Bali Dream – um vôo para o paraíso

Visual de Balangan. Foto: Robert Kenji.

Dreamland oferece lindas paredes para manobras. Foto: Robert Kenji.

Visual paradisíaco de Dreamland. Foto: Robert Kenji.

Alguém não entendeu o porquê do nome Dreamland?. Foto: Robert Kenji.

G-Land é mais uma das preciosidades da Indonésia. Foto: Robert Kenji.

Os tubos são fartos nas esquerdas de Gradjagan. Foto: Robert Kenji.

Pôr do sol diário em G-land. Foto: Robert Kenji.

Visual da bancada de G-land. Foto: Robert Kenji.

Impossibles vista de cima do cliff. Foto: Robert Kenji.

Em Padang a beleza natural é abundante. Foto: Robert Kenji.

Uluwatu Cave, em Bali. Foto: Robert Kenji.

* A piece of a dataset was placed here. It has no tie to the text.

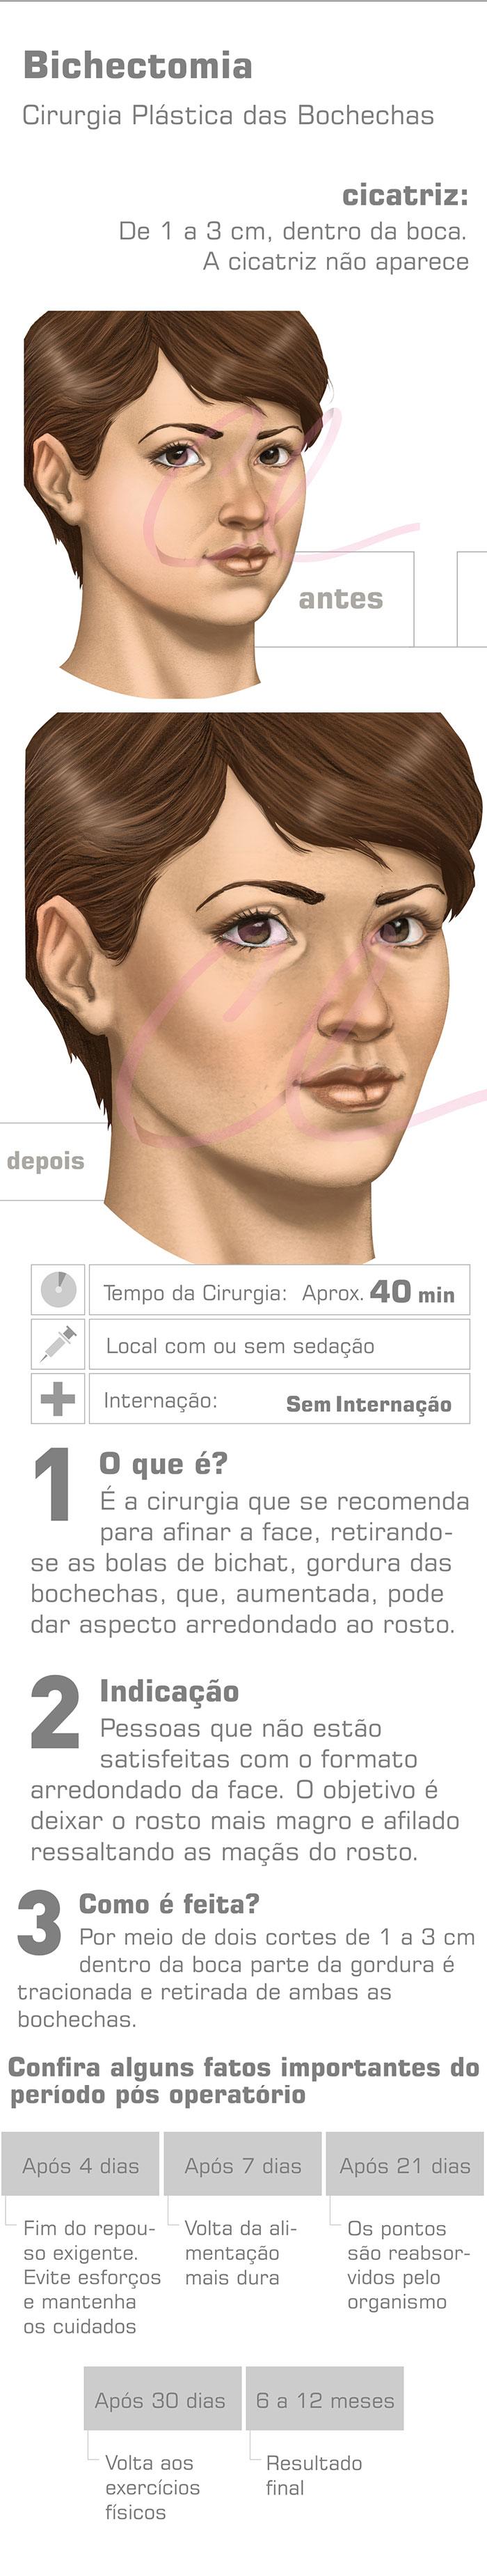 Cirurgia de Bichectomia
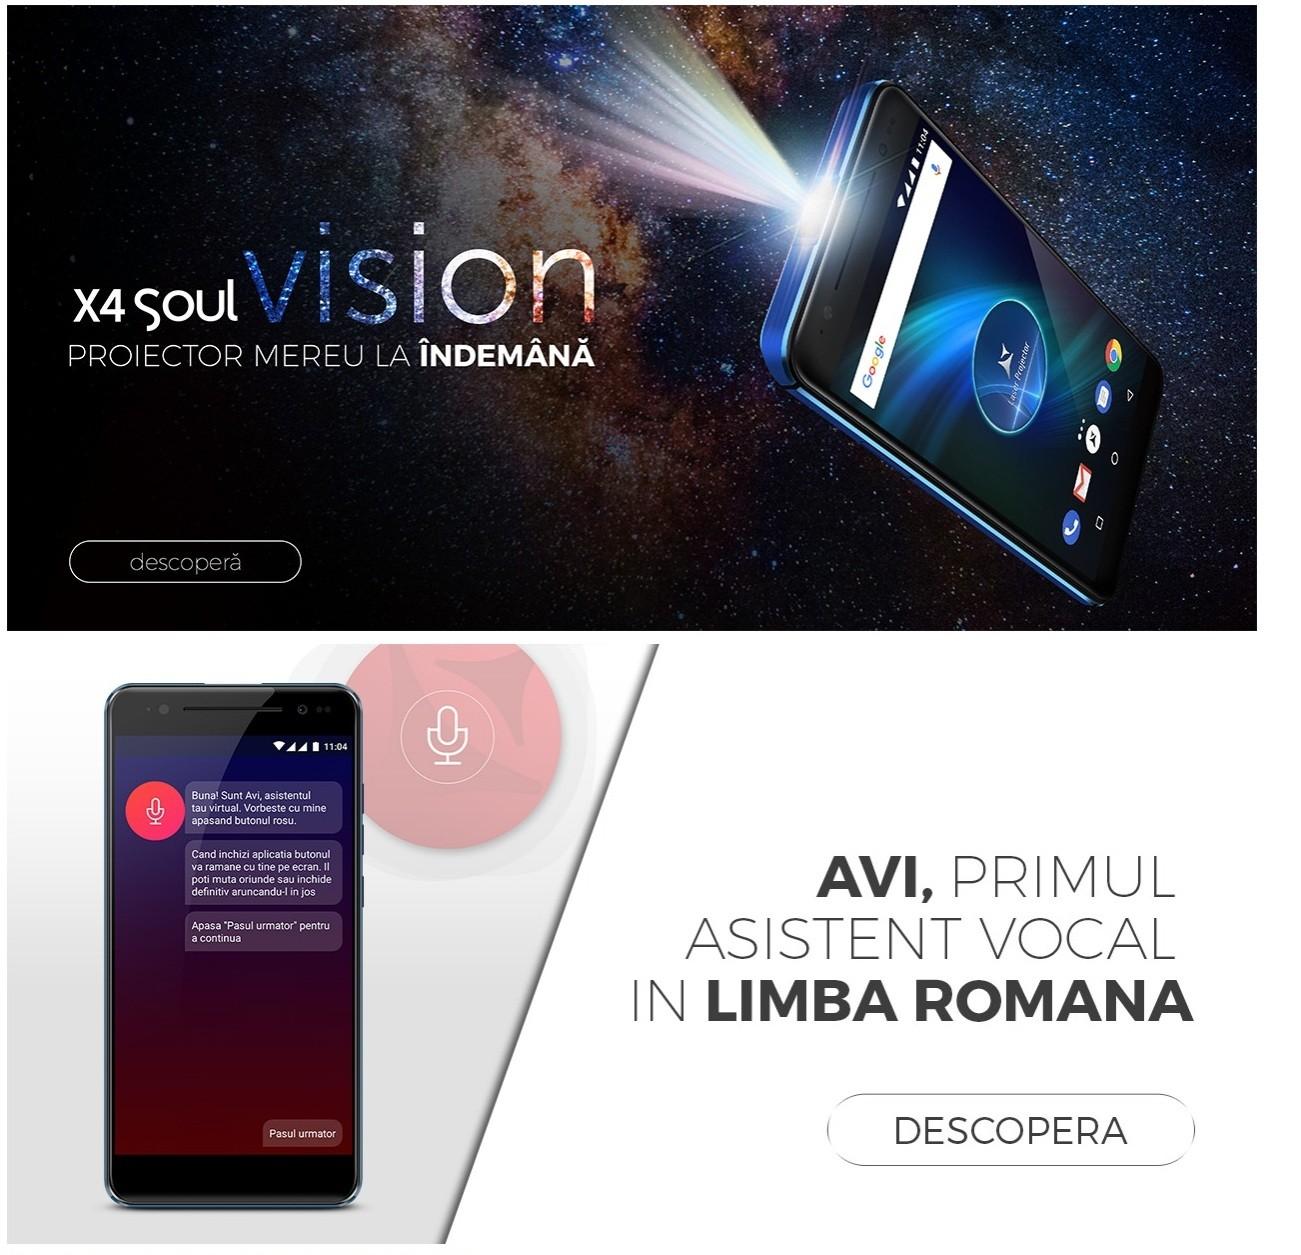 prezentare-x4-vision24533eb75f5c897a.jpg

Tudo começa com um vôo que dura normalmente dois dias partindo de São Paulo ou qualquer outra capital do Brasil, com escalas em vários países que na maioria das vezes você nunca sonhou em conhecer.

 

Quando o comandante da aeronave anuncia o pouso, aterrissamos no aeroporto de Denpasar, na Indonésia.

 

Em alguns instantes com certeza o seu coração vai disparar, principalmente quando o avião fizer a curva final, pois é possível visualizar praticamente todos os picos de surf mais famosos de Bali, como Padang, Impossibles, Bingin, Dreamland e Balangan.

 

Depois de alguns segundos, já próximo da pista, é possível checar pela janela do avião outras ondas de muita qualidade, como Kuta Reef, Airport Right and Left, mas nada comparado aos picos anteriormente citados.

 

A partir deste momento o sonho de ondas clássicas inicia-se com uma mistura de mistério e misticismo.

 

A ilha de Bali é realmente diferente de tudo que você já conheceu, com algumas ruas que mais parecem a 25 de Março, em SP, com várias lojas a perder de vista (Kuta), e algumas outras com Hotéis e Resorts que nunca imaginaríamos ser possível existir, como Nusa Dua.

 

Os contrastes e diferenças são incríveis, cores e tons de dourado que encantam os olhos, sem falar no cheiro que paira no ar, é realmente difícil  explicar, uma mistura de incenso e raízes nativas que são utilizados no rico artesanato local.

 

Se você ficar em Kuta, que vamos chamar aqui de down-town de Bali, provavelmente vai demorar uns 50 minutos para chegar nos picos de surf como Uluwatu, Padang e outros da região.

 

À primeira vista, olhando as ondas da ponte da praia de Padang, é possível ver as linhas na bancada de coral, que parecem ter sido esculpidas por Deus.

 

Esta é Impossibles, pois Padang fica mais à esquerda, de frente para o Cliff, e só podemos visualizar as ondas depois de descer uma escadaria.

 

Um fato importante é ficar ligado nas marés, pois aqui no Brasil este fenômeno é pouco visível, mas em Bali parece magia.

 

Quando a maré está cheia as praias são muito parecidas com as nossas, mas, quando seca, pode-se perceber o que é uma bancada de coral.

 

Ondas perfeitas e tubulares quebram com séries tão alinhadas que parecem ter sido desenhadas, às vezes 5 ou 6 ondas entram em uma mesma série. Diversão garantida para todos os gostos e idades.

 

Padang é uma onda oca com a bancada mais famosa (e rasa), e pode deixar tatuagens no corpo e, às vezes, na cabeça de alguns surfistas que a desafiam.

 

Uluwatu é a mais constante e crowd da Ilha, mas o inside pode proporcionar manobras e tubos inesquecíveis. Posso dizer que uma onda boa lá vale muito mais que um final de semana em Ubatuba ou São Sebastião.

 

Tem também Impossibles, uma onda rápida e muito boa para manobras, Dreamland, um pouco mais fácil de ser surfada, e Balangan, que é muito manobrável e possui sessões de tubos por toda a extensão. Isso sem falar de G-land, ou Gradjagan, uma barca imperdível para quem vai à Indonésia.